DECISION:The Tribunal remits the application for a Partner (Provisional) (Class UF) visa for reconsideration, with the direction that the visa applicant meets the following criteria for a Subclass 309 (Partner (Provisional)) visa:

·cl.309.211 of Schedule 2 to the Regulations; and

·cls.309.221 and 309.223 of Schedule 2 to the Regulations.

Statement made on 16 April 2018 at 3:31pm

CATCHWORDS
Migration – Partner (Provisional) (Class UF) visa – Subclass 309 (Partner (Provisional)) – Whether the parties are validly married – Parties validly married – Whether a genuine spousal relationship exists – Limited relevance of financial aspects – Relationship represented to others – Significant emotional support – Decision remitted with direction

LEGISLATION
Migration Act 1958 (Cth), ss 5F, 65
Migration Regulations 1994 (Cth), r 1.15A, Schedule 2, cls 309.211, 309.221, 302.223

CASES

STATEMENT OF DECISION AND REASONS

APPLICATION FOR REVIEW

  1. This is an application for review of a decision made by a delegate of the Minister for Immigration on 29 November 2016 to refuse to grant the visa applicant a Partner (Provisional) (Class UF) visa under s.65 of the Migration Act 1958 (the Act).

  2. The visa applicant is a Macedonian national born in Bitola on 14 February 1994. He applied for the visa on 31 December 2015 on the basis of his relationship with the sponsor (“the review applicant”).
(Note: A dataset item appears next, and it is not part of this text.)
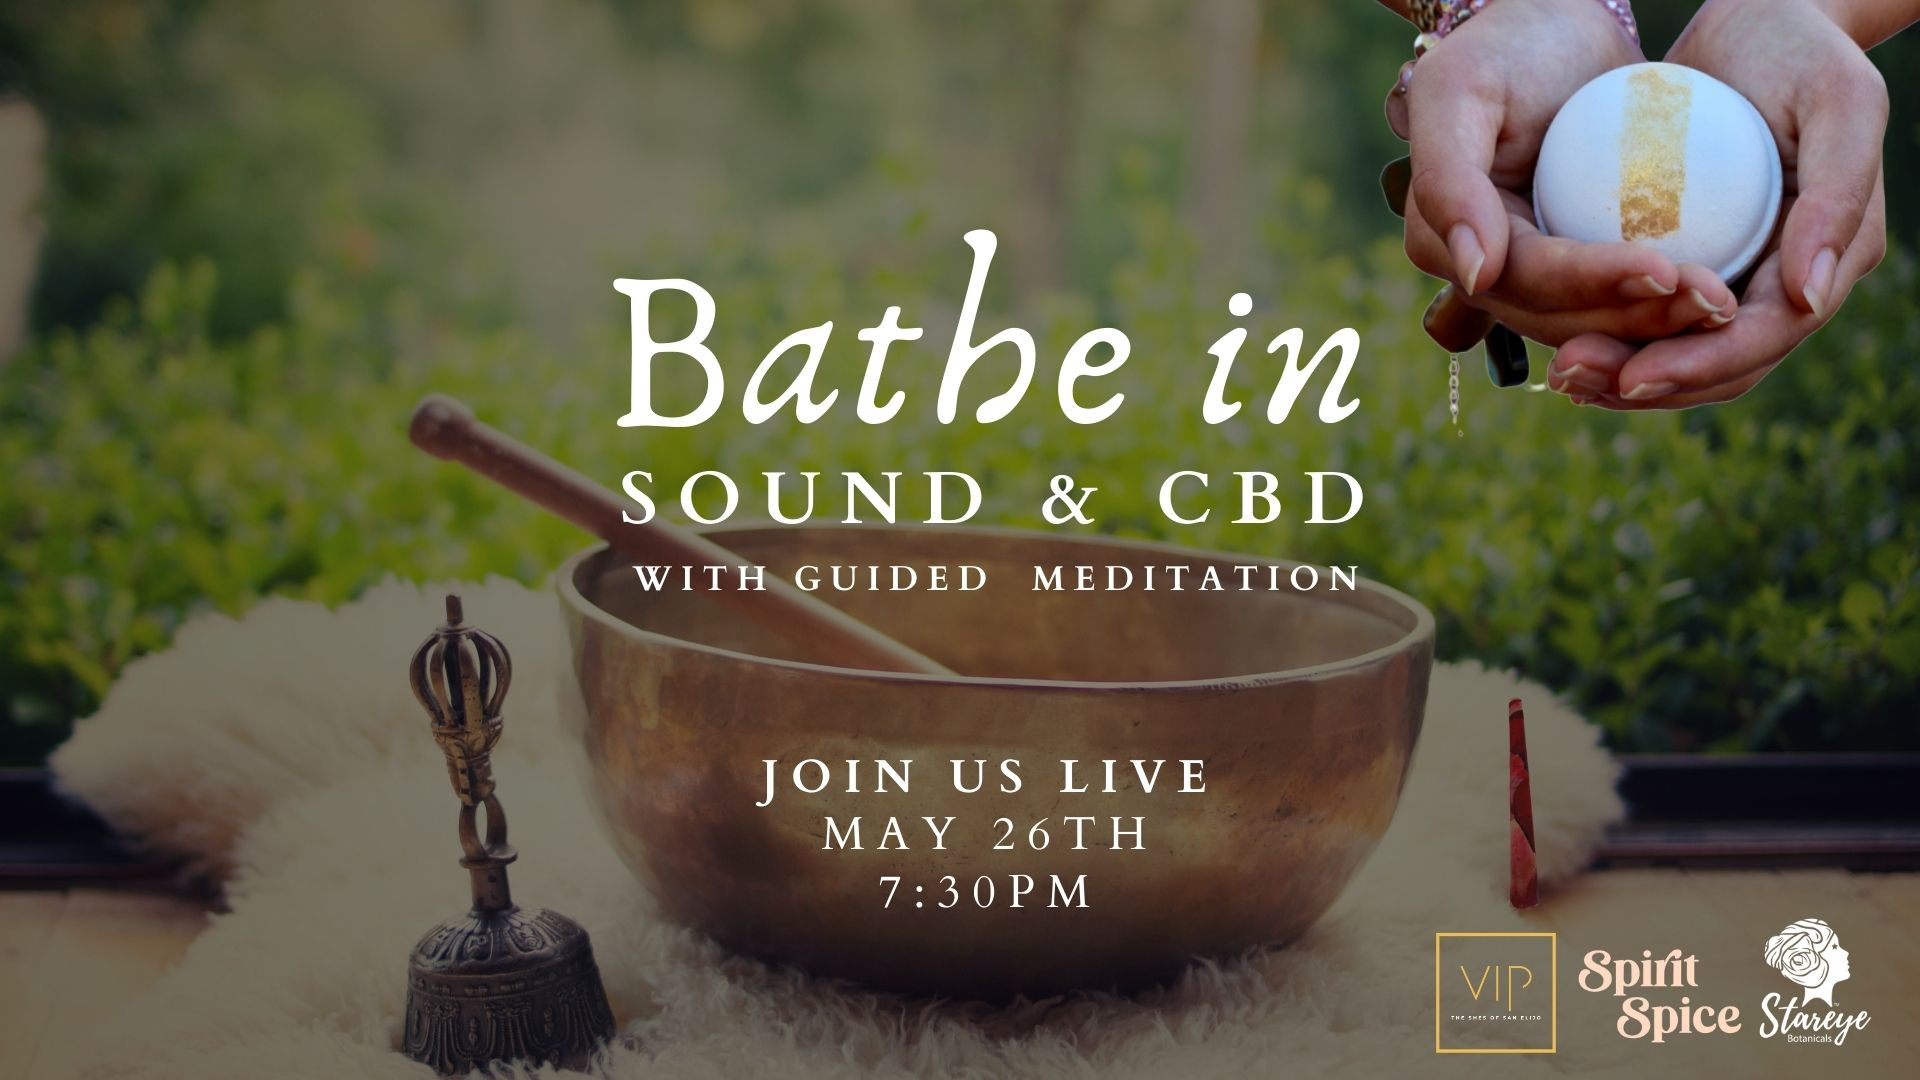 Bathe in Sound & CBD

At that time, Class UF contained only one subclass: Subclass 309 (Partner (Provisional). The criteria for the grant of this visa are set out in Part 309 of Schedule 2 to the Migration Regulations 1994 (the Regulations). The primary criteria must be satisfied by at least one applicant. Relevantly to this matter, the primary criteria include cls.309.211, 309.221 and 309.223.

  3. The delegate refused to grant the visa on the basis that the visa applicant did not meet the requirements of cl.309.211 of the Regulations, as the delegate was not satisfied that the visa applicant was in a genuine and continuing relationship with the review applicant. The delegate considered that the information and evidence submitted in support of the application was not sufficient to demonstrate that the applicant was the spouse of the sponsor, as defined under s.5F of the Act.
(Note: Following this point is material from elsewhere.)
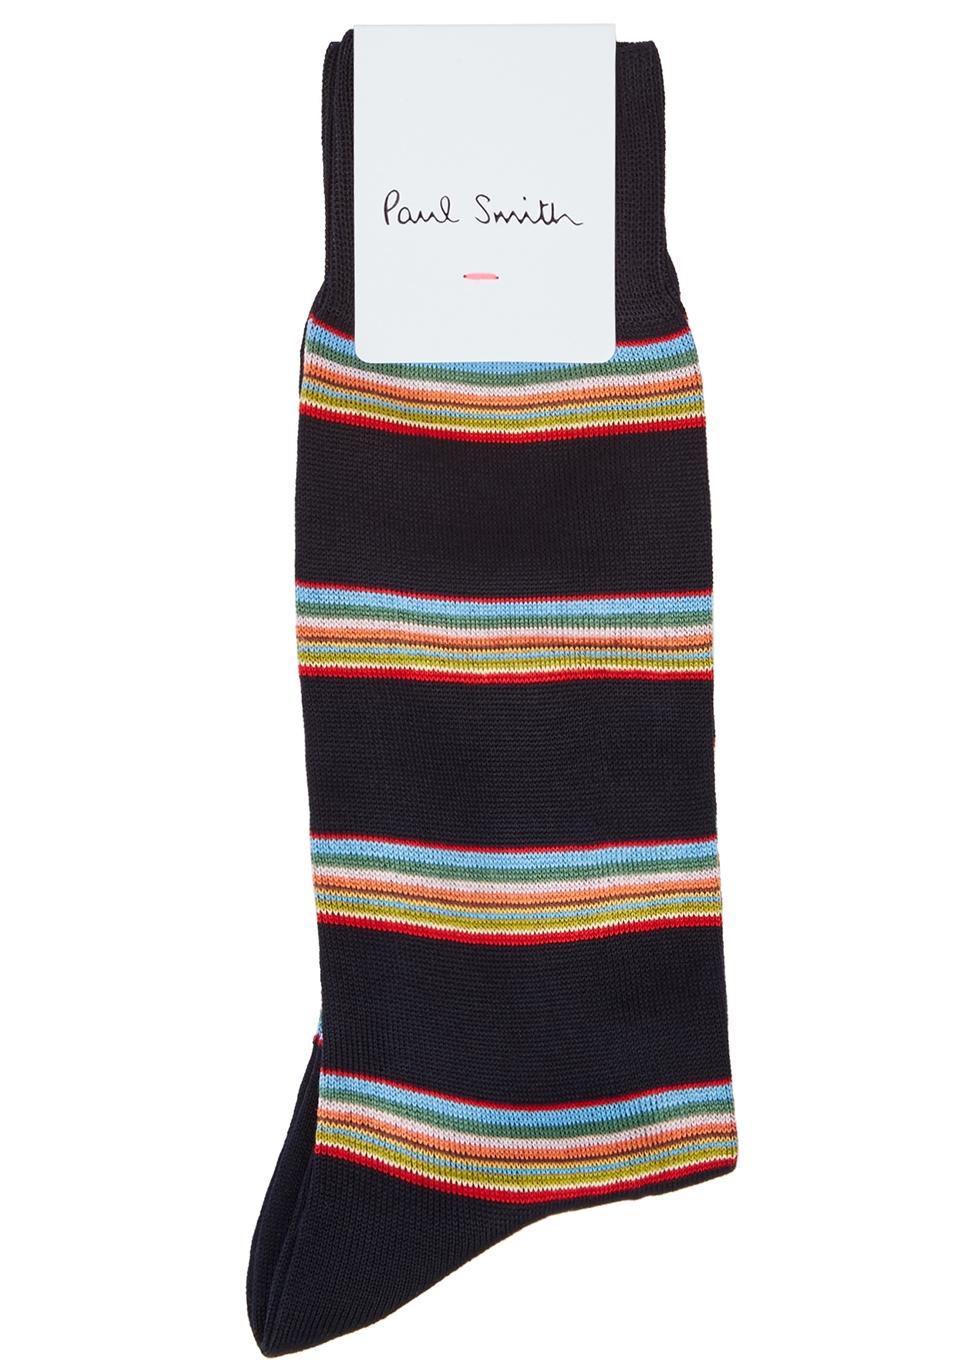 Navy striped cotton-blend socks - Paul Smith

  4. The review applicant seeks review of the delegate’s decision.

  5. The review applicant appeared before the Tribunal on 13 April 2018 to give evidence and present arguments. The visa applicant also gave oral evidence to the Tribunal. An additional three witnesses – being the mother of the review applicant, and the brother and sister of the visa applicant - made themselves available to provide evidence to the Tribunal. The additional witnesses had previously provided the Tribunal with Statutory Declarations regarding the genuine and continuing nature of the relationship between the parties. Accordingly, the Tribunal determined that it was not necessary to take oral evidence from the additional witnesses.
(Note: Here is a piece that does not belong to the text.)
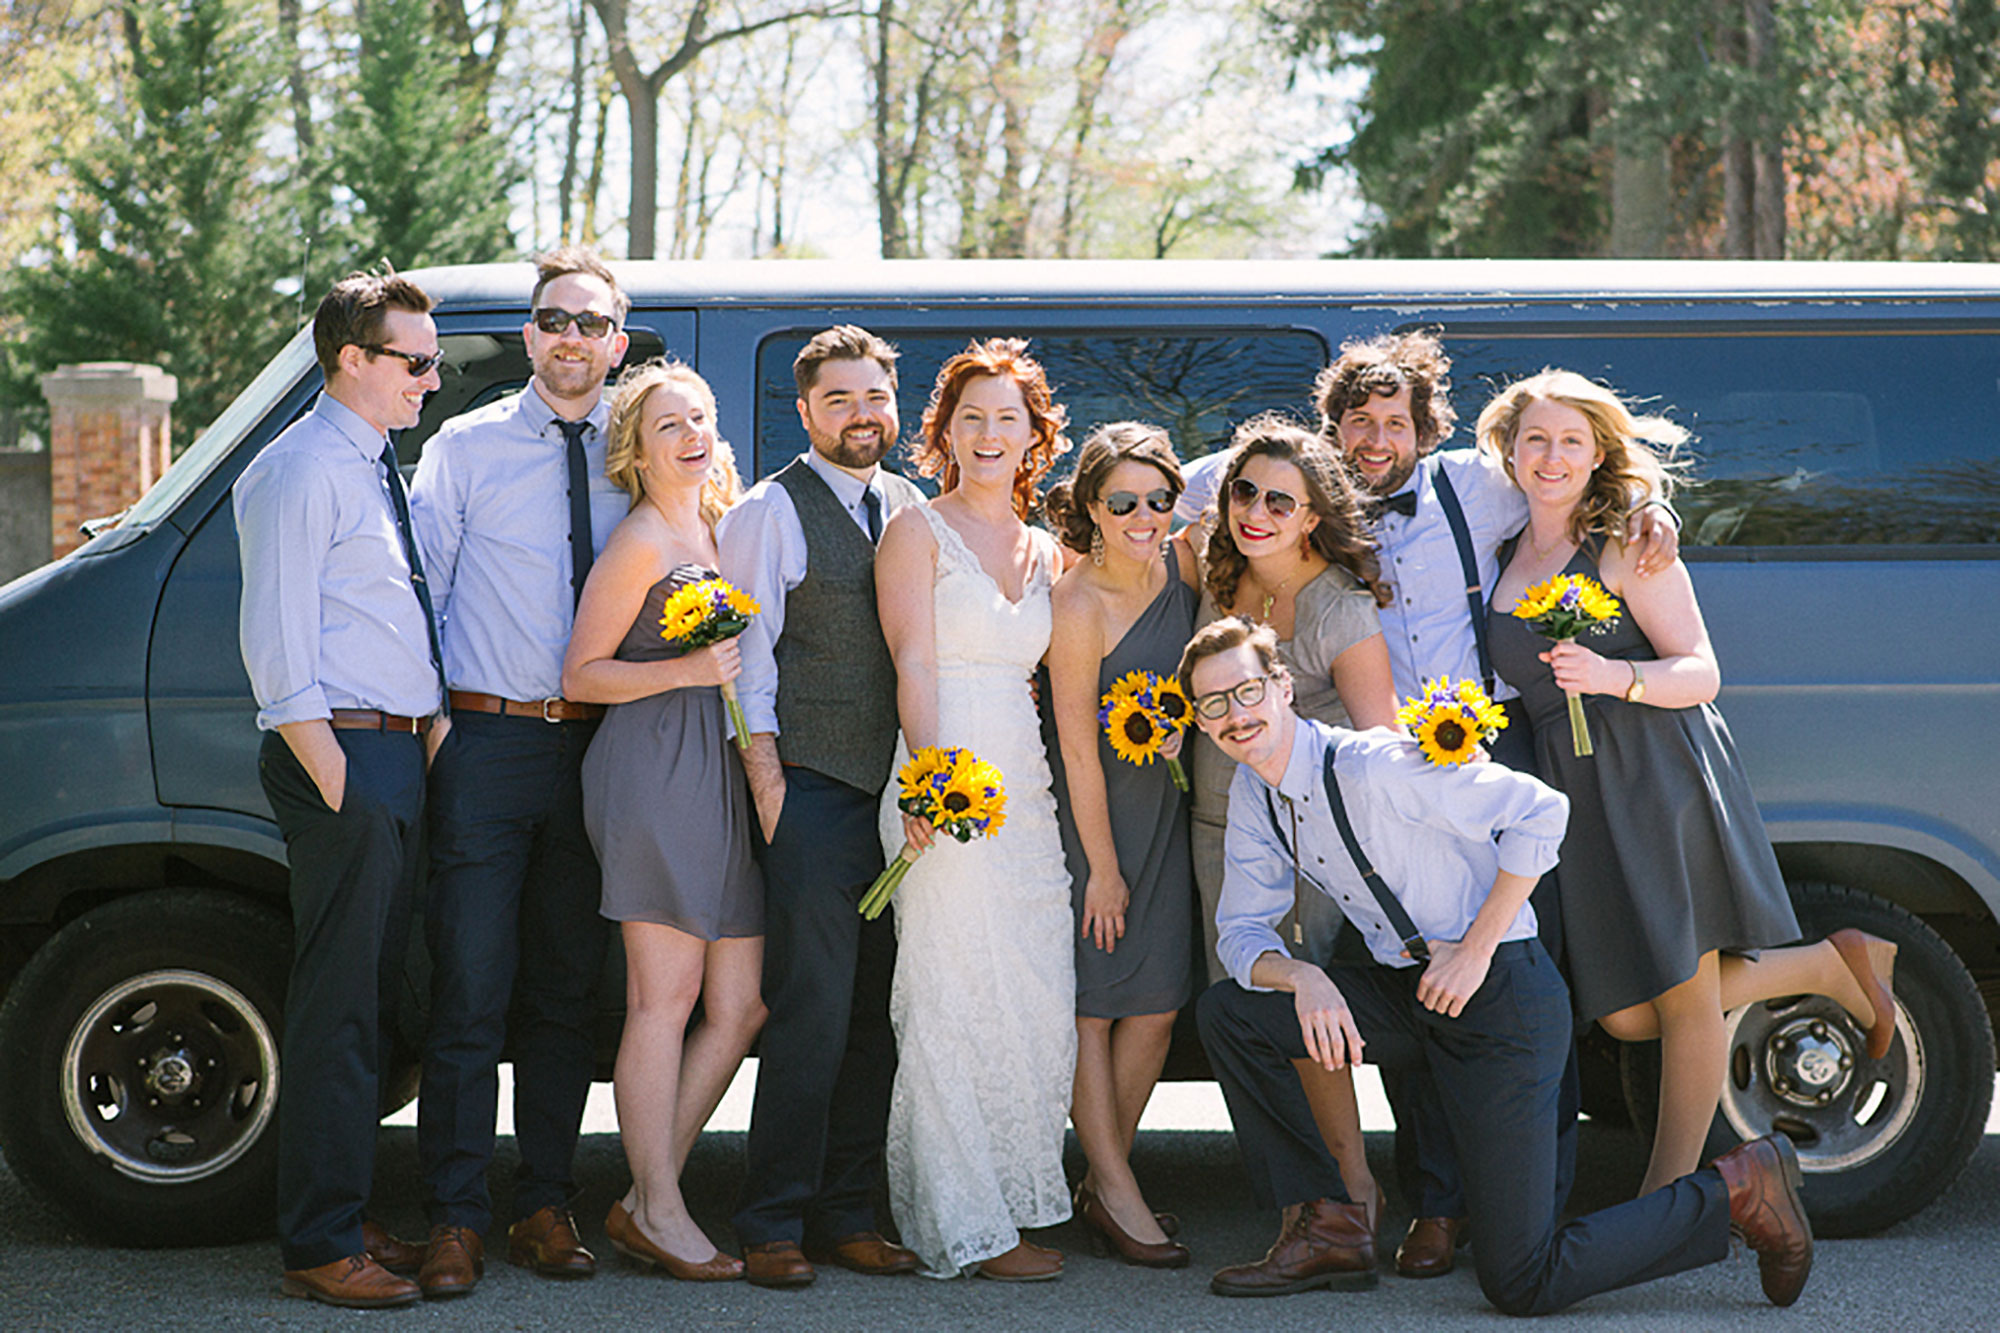 Navy-Hall-Wedding-Vineyard-Bride-Photo-By-Andrew-Mark-Photography-022.jpg

  6. The review applicant was represented in relation to the review by a registered migration agent.

  7. For the following reasons, the Tribunal has concluded that the matter should be remitted for reconsideration.

    CONSIDERATION OF CLAIMS AND EVIDENCE

  8. The issues in the present case are whether the visa applicant was the sponsor’s spouse for the purposes of the Act at the time of application (cl.309.211); whether at the time of decision, the visa applicant continues to satisfy the criterion in cl.309.211 (cl.309.221); and whether at the time of decision, the visa applicant continues to be the spouse of the sponsor (cl.309.223).

    Relevant law

  9. ‘Spouse’ is defined in s.5F of the Act and provides that a person is the spouse of another where the two persons are in a married relationship. Persons in a married relationship must be married to each other under a marriage that is valid for the purposes of the Act; there must be a mutual commitment to a shared life as a married couple to the exclusion of all others; the relationship must be genuine and continuing; and the couple must live together or not live separately and apart on a permanent basis [s.5F(2)(a)-(d)]. In forming an opinion about these matters, regard must be had to all the circumstances of the relationship. This includes evidence of the financial and social aspects, the nature of the parties’ household, and their commitment to each other as set out in r.1.15A(3).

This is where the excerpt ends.